## [PROBLEM DESCRIPTION]
What is needed is a word-for-word copy of the lines below from the one with "from the reel." through the one with "Two little boys", both included, with every picture left out.

## [DATASET]
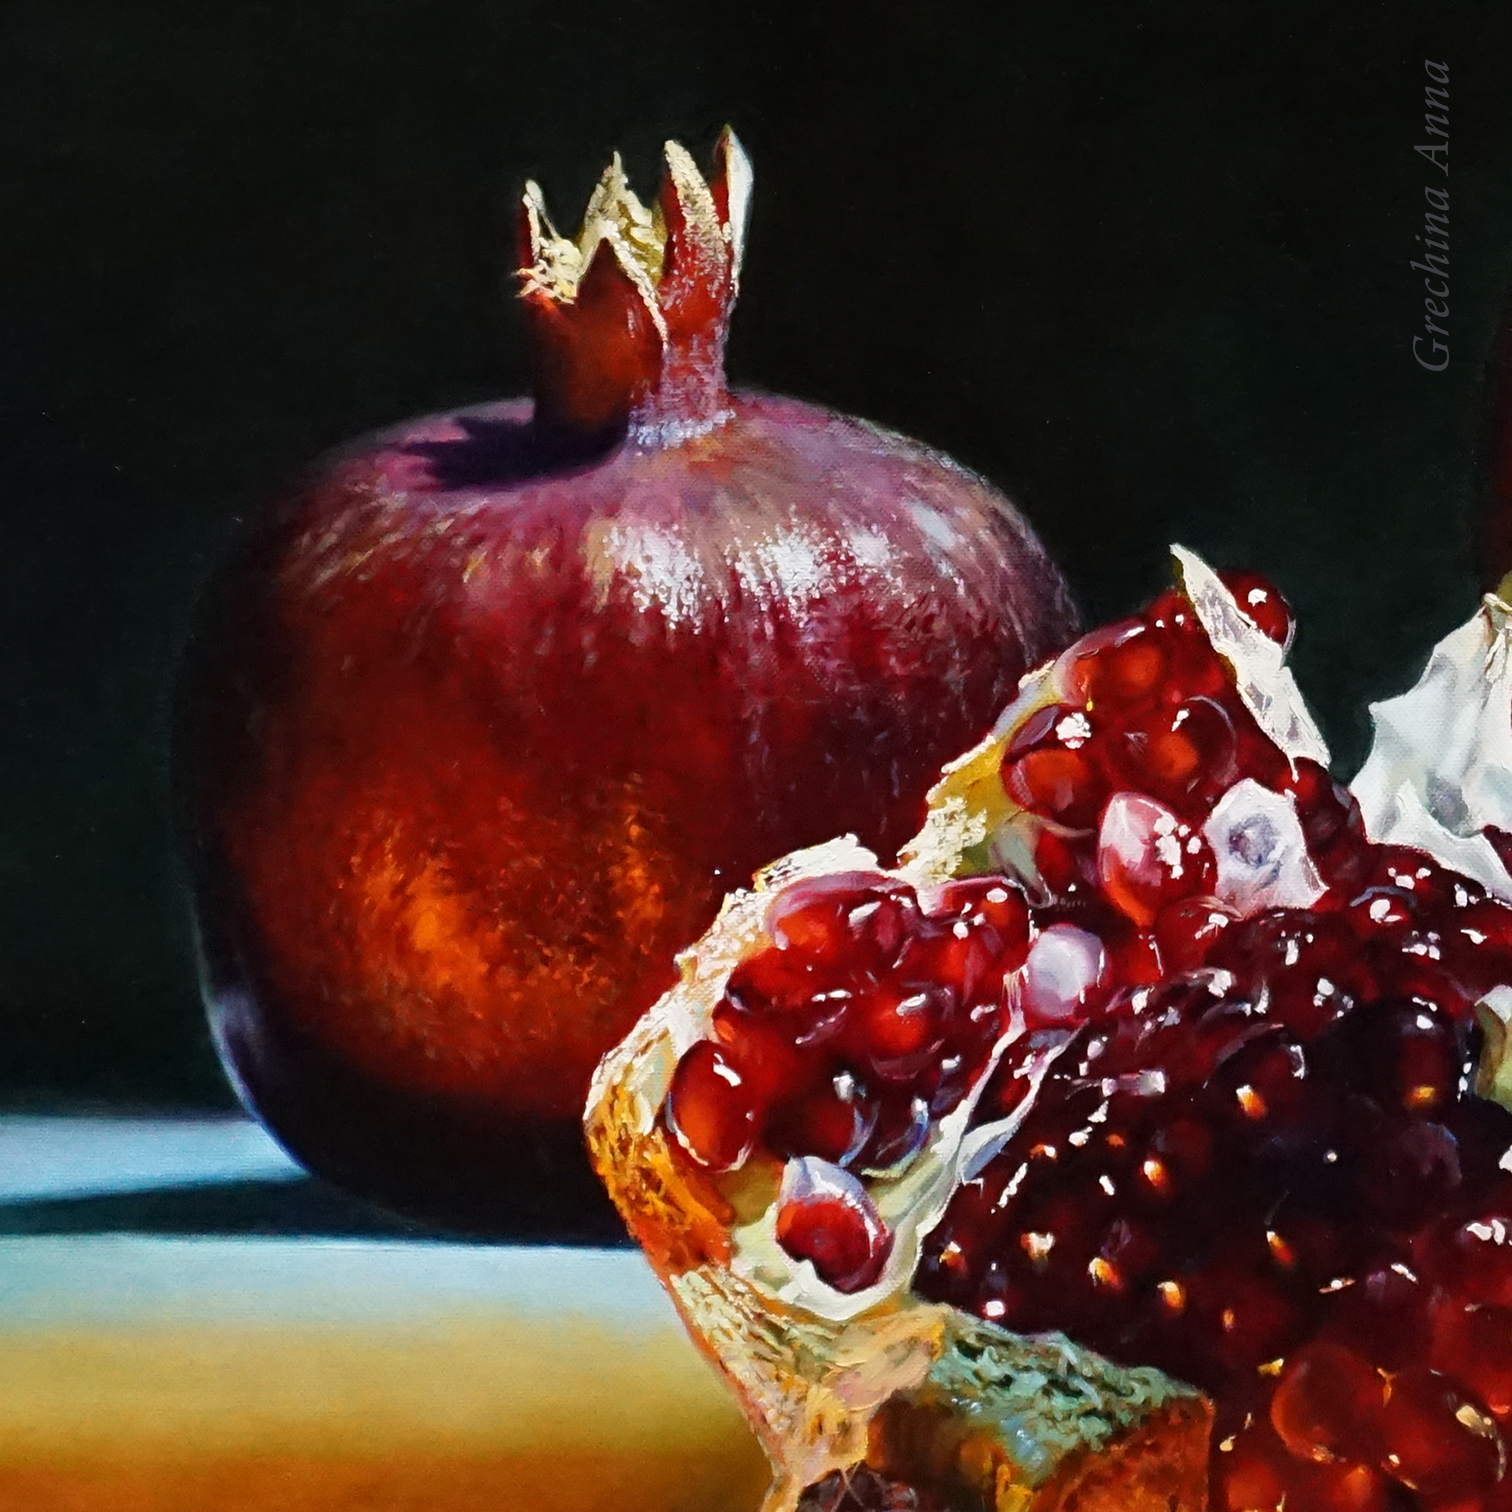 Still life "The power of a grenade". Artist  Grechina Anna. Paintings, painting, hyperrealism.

---

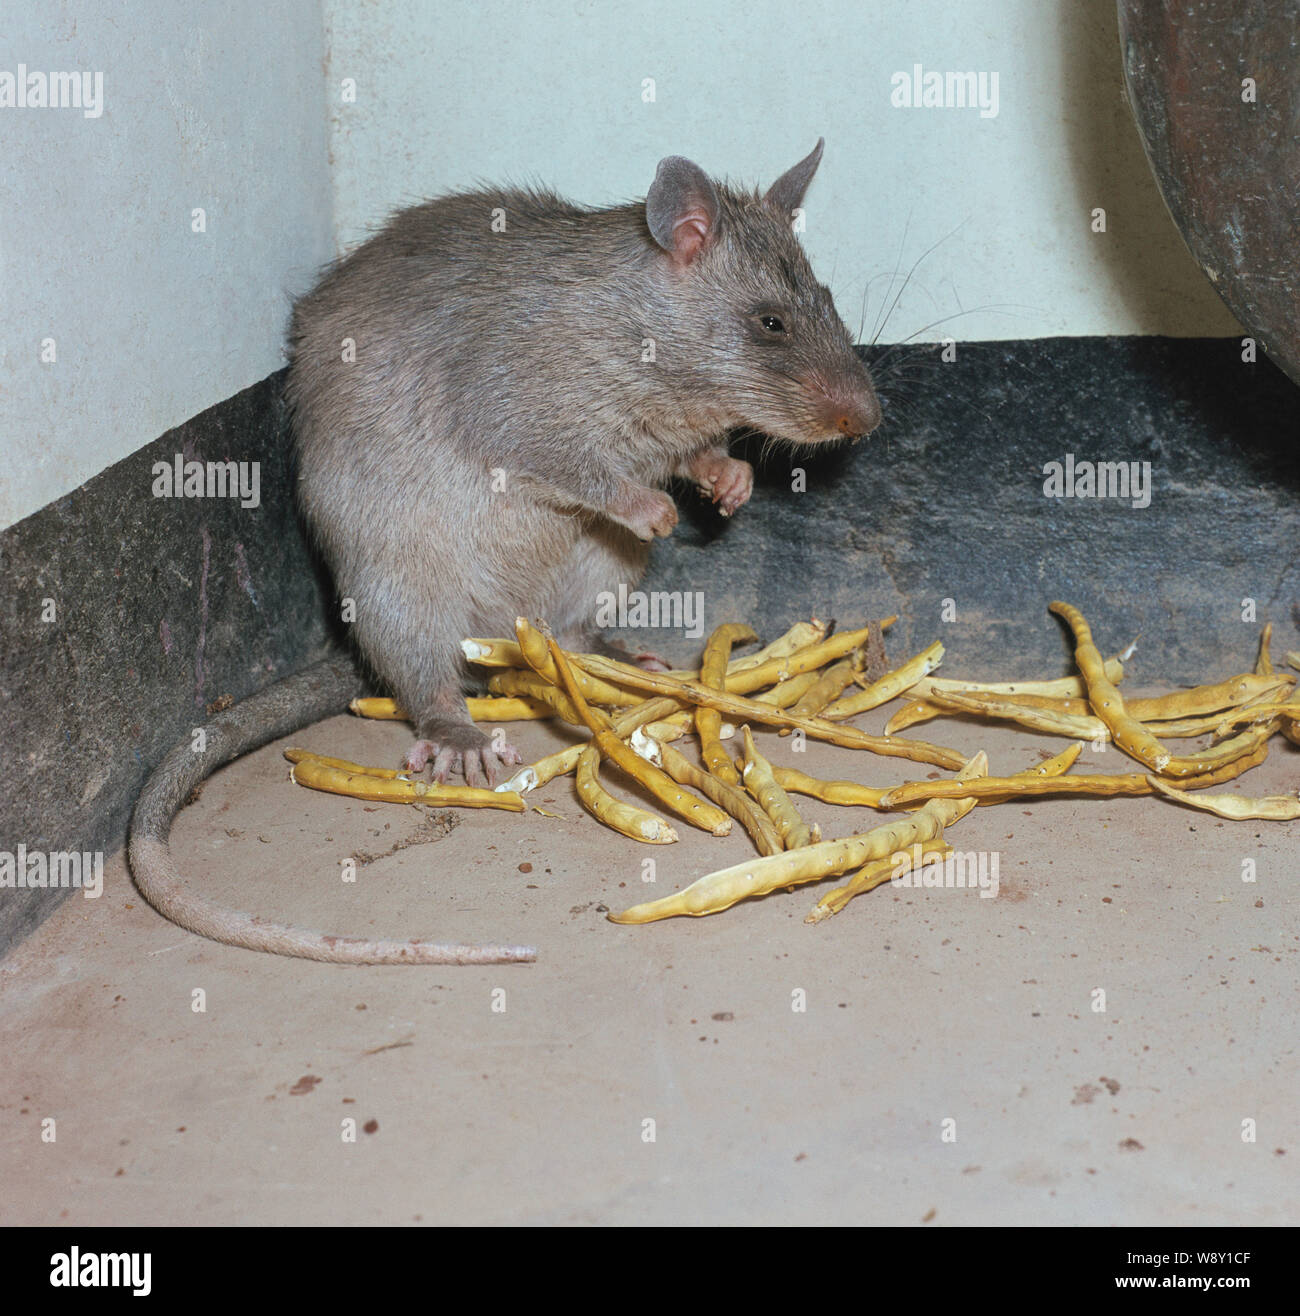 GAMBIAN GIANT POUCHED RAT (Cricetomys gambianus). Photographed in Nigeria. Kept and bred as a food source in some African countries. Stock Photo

==

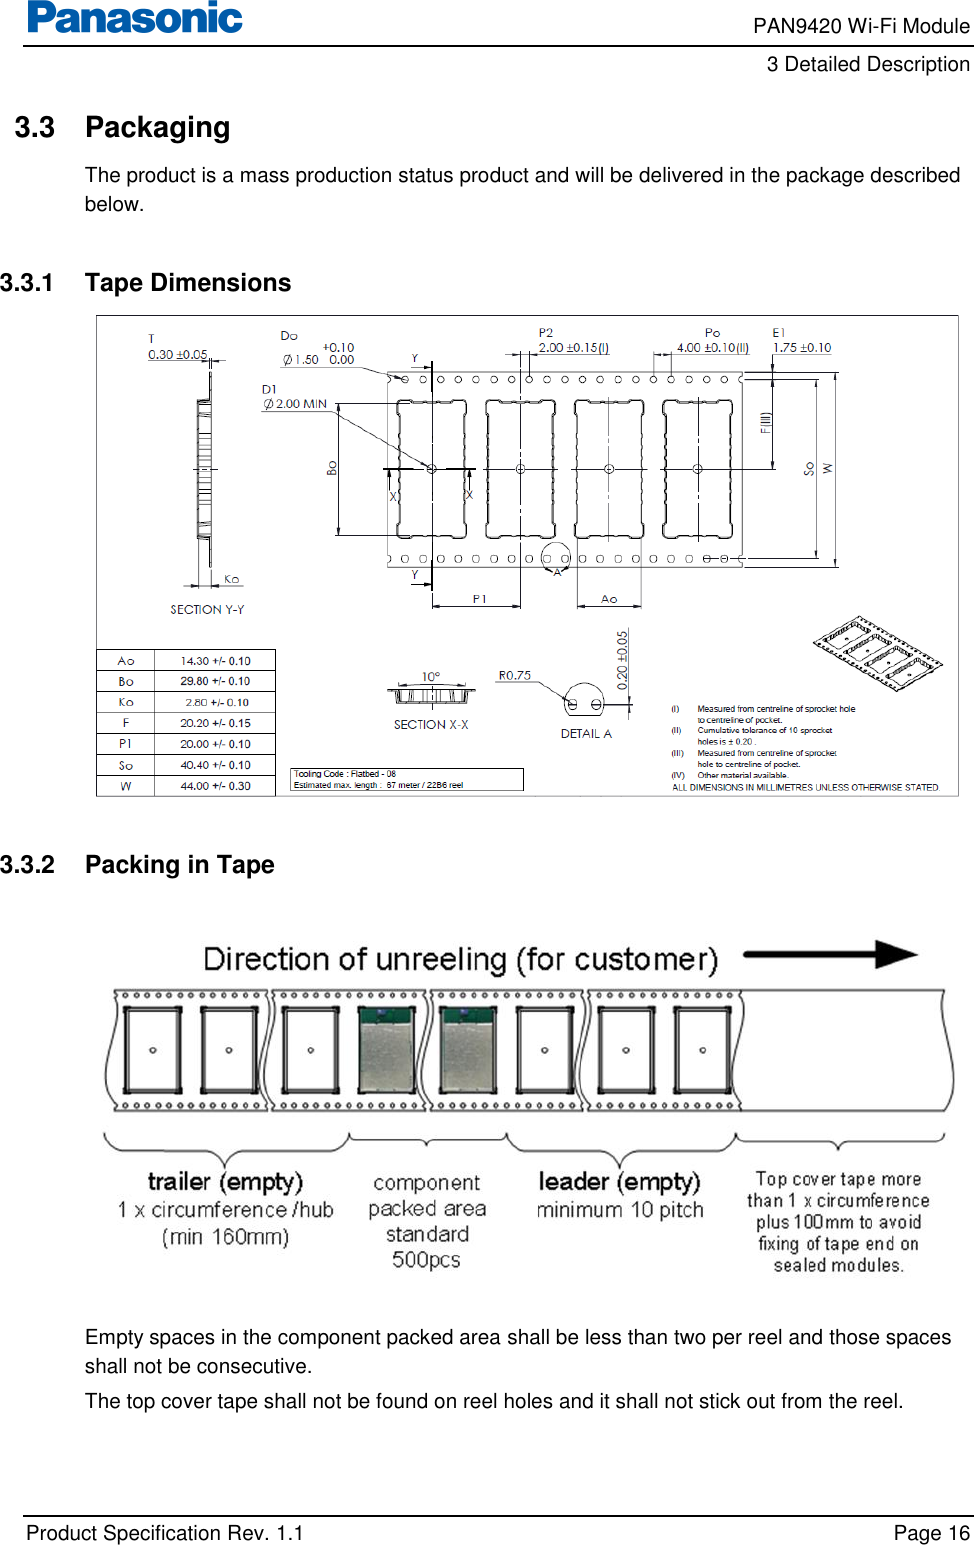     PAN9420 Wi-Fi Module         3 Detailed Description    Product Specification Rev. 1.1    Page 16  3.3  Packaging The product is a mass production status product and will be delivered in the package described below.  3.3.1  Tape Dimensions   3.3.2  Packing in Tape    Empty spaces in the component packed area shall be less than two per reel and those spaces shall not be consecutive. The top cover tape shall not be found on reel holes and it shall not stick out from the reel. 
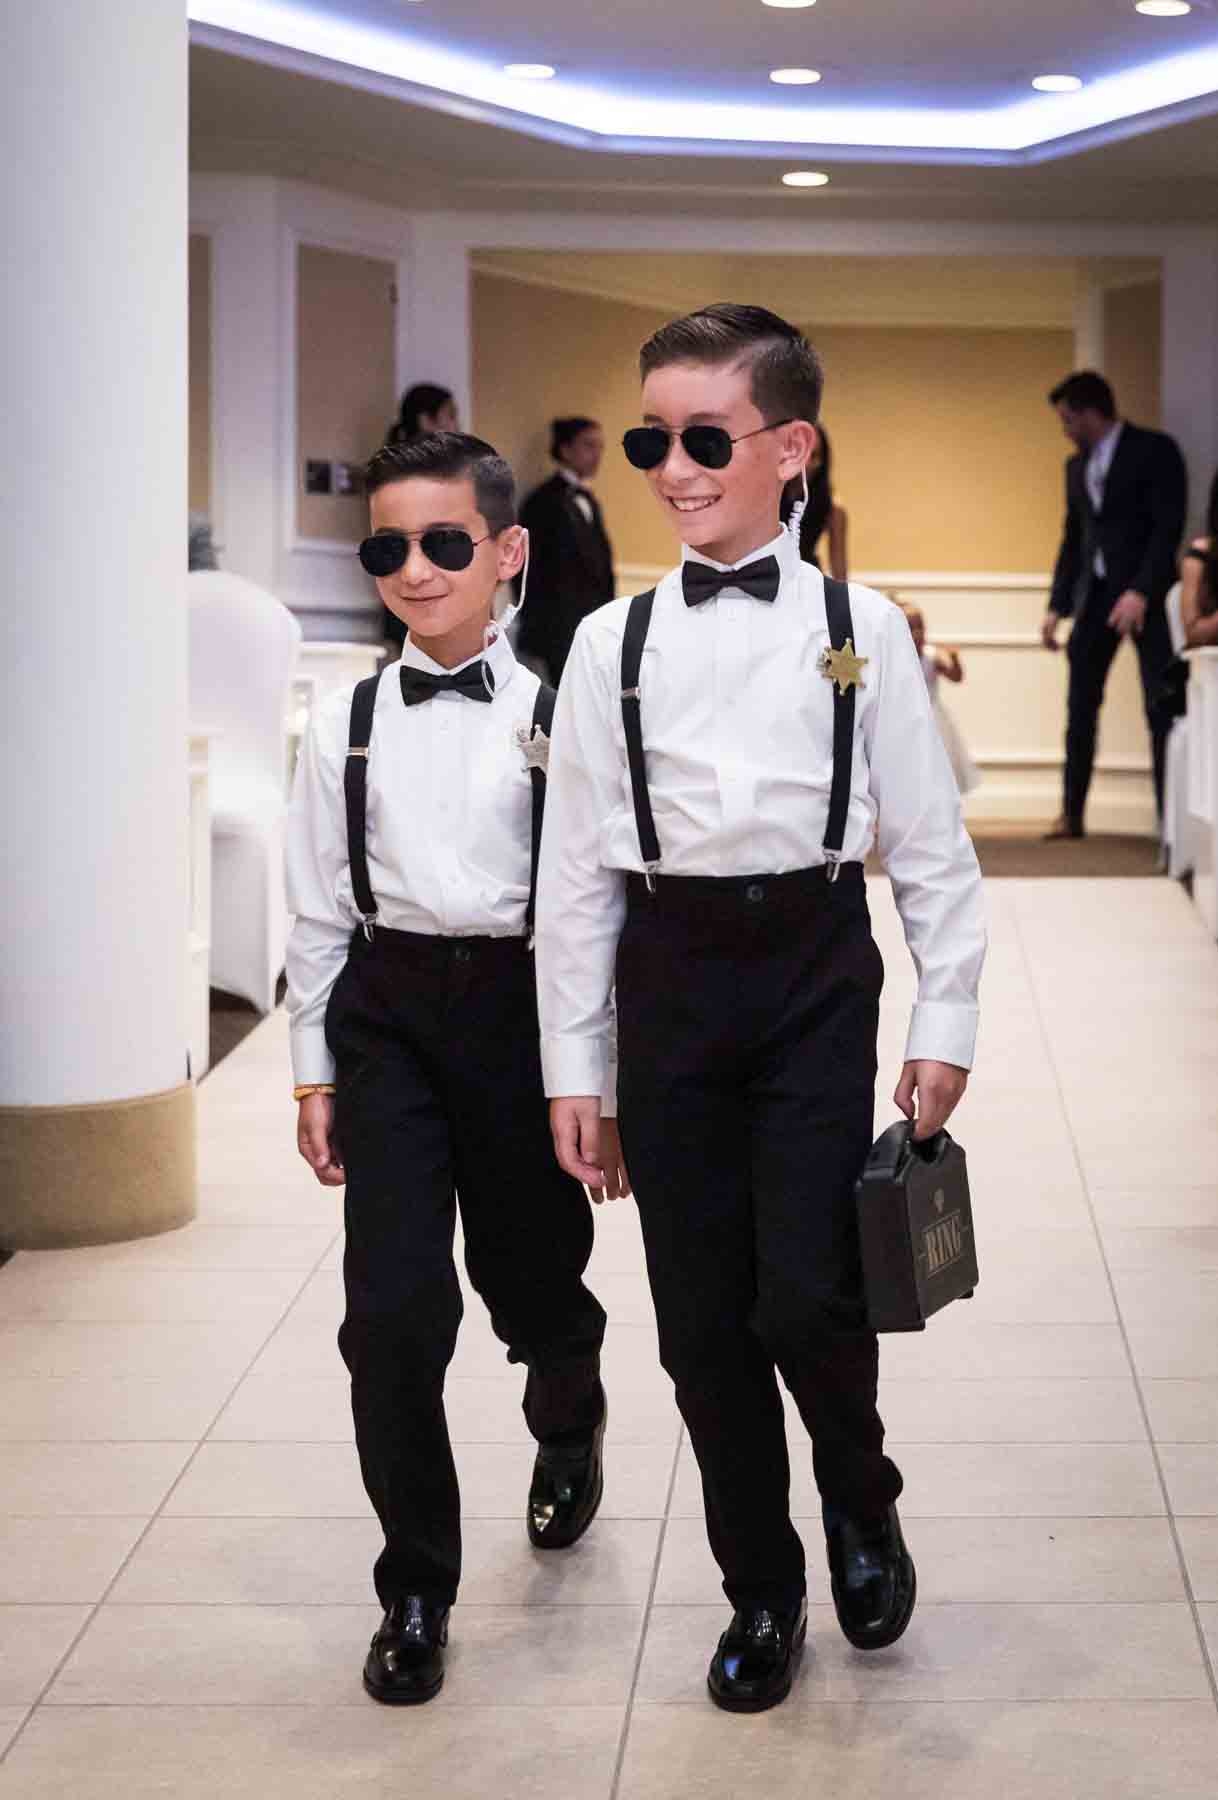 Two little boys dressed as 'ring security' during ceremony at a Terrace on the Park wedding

## [ANSWER SECTION]
     PAN9420 Wi-Fi Module         3 Detailed Description    Product Specification Rev. 1.1    Page 16  3.3  Packaging The product is a mass production status product and will be delivered in the package described below.  3.3.1  Tape Dimensions   3.3.2  Packing in Tape    Empty spaces in the component packed area shall be less than two per reel and those spaces shall not be consecutive. The top cover tape shall not be found on reel holes and it shall not stick out from the reel. 
 Two little boys dressed as 'ring security' during ceremony at a Terrace on the Park wedding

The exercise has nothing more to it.